Le président de la FNAPF a donc insisté sur le fait que cette année les propriétaires auront « des difficultés à respecter les délais », notamment « en raison du manque de main-d’œuvre et de machines disponibles pour réaliser ce travail à cette période, car avant il était toujours en train de pleuvoir, [et] ils n’ont pas réussi à entrer » dans les terrains.

La difficulté à respecter le délai est confirmée par Rui Igreja, de l’entreprise Florecha, basée à Chamusca, dans une « année atypique », avec une forte croissance de la végétation, « en raison de la quantité de pluie et même assez tard ».
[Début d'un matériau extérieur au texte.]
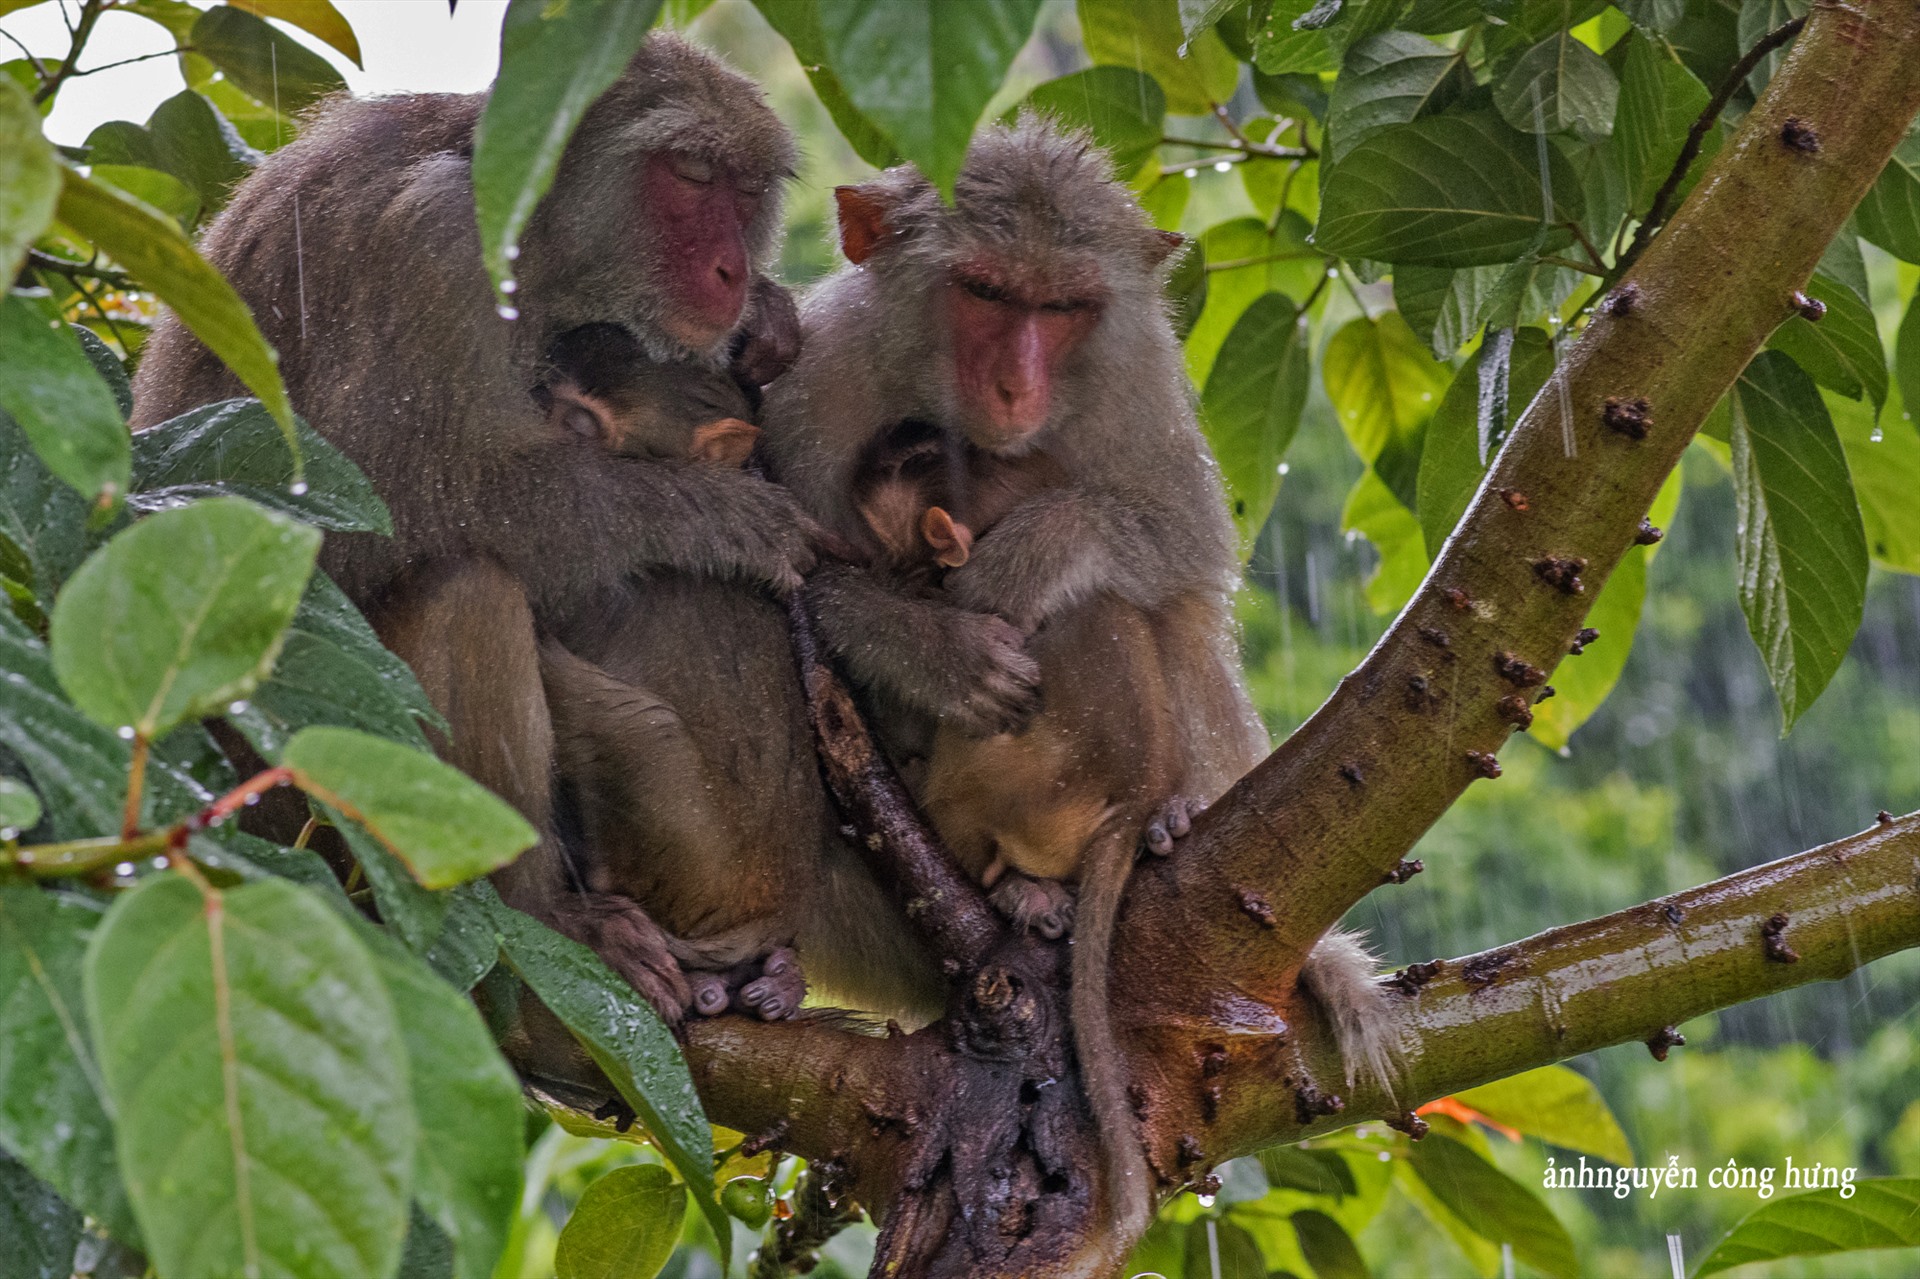 Đảo khỉ là một địa điểm vui chơi thú vị và nổi tiếng trên thế giới. Bạn sẽ được thỏa sức quan sát và chơi đùa với đàn khỉ đáng yêu ở đây. Chắc chắn bạn sẽ có những trải nghiệm tuyệt vời với hình ảnh của đảo khỉ.

Le directeur général de l’entreprise de district de Santarém a admis que « la main-d’œuvre est un problème non seulement dans l’agriculture, mais aussi dans le secteur agroforestier » – c’est « de plus en plus grand » et le fait qu’il s’agisse d’une activité « très saisonnière » n’aide pas non plus, car ceux qui ont fait le nettoyage plus tôt risquent de devoir le répéter en raison du « développement de la végétation », sous peine d’amende.

Pour le responsable de l’ANEFA, « il ne sert à rien » que les autorités verbalisent les gens pour le retard dans le nettoyage des terrains, parce que dans de nombreux cas, si « il n’y a pas de personnel pour nettoyer » ou « il n’y a pas d’argent pour nettoyer », les gens « n’auront pas d’argent pour payer les amendes ».
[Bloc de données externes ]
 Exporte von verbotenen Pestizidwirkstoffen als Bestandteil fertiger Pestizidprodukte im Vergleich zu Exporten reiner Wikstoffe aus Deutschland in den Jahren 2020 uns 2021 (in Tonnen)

« Nous ne gagnons pas grand-chose avec cette action coercitive. Je pense qu’il serait nécessaire d’avoir une certaine tolérance face à ce qui s’est passé en termes des conditions climatiques », a défendu Serra Ramos.
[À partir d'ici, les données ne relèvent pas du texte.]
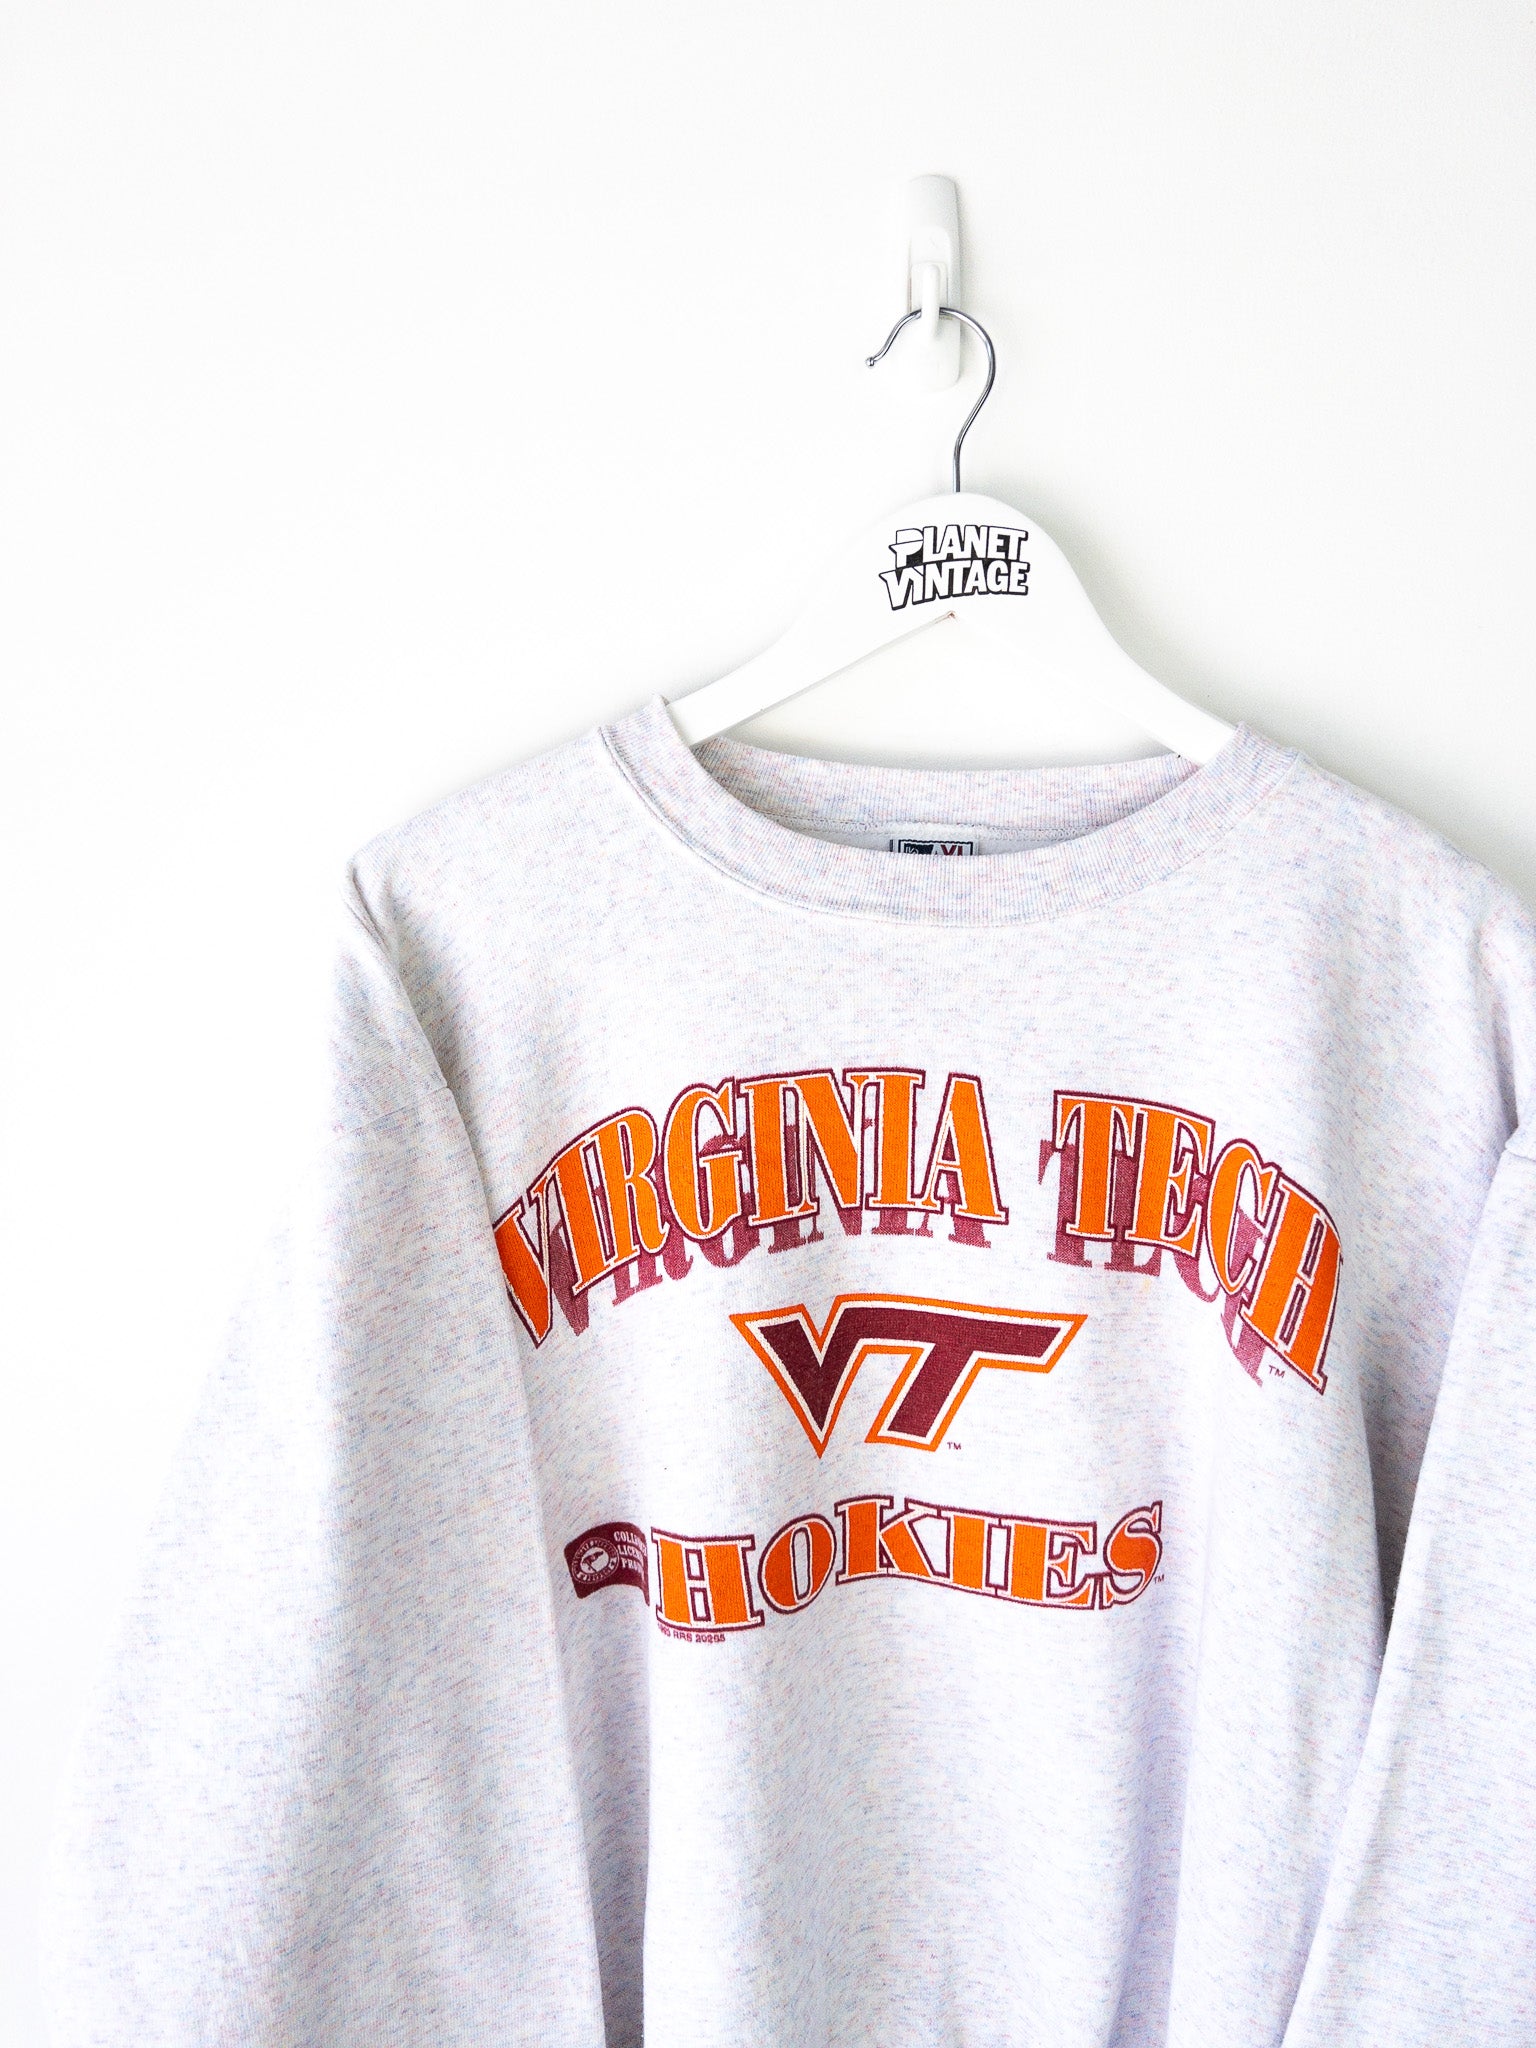 Vintage Virginia Tech Hokies 1993 Sweatshirt (L)

Le dirigeant de la FNAPF a souligné que les municipalités et les instituts d’État ont également encore beaucoup à faire et qu’ils « luttent tous contre le temps », bien que l’année ne soit « pas encore dangereuse »: « il n’y a pas encore eu d’incendie de grande taille, car il a plu, il y a encore beaucoup d’humidité dans les sols », a-t-il mentionné.

Luís Damas défend que, « comme les prestataires de services ne sont pas capables, il faut accorder un peu plus de temps pour que les gens résolvent la situation ». Les propriétaires, a-t-il souligné, sont les « plus intéressés » à « défendre leurs biens ».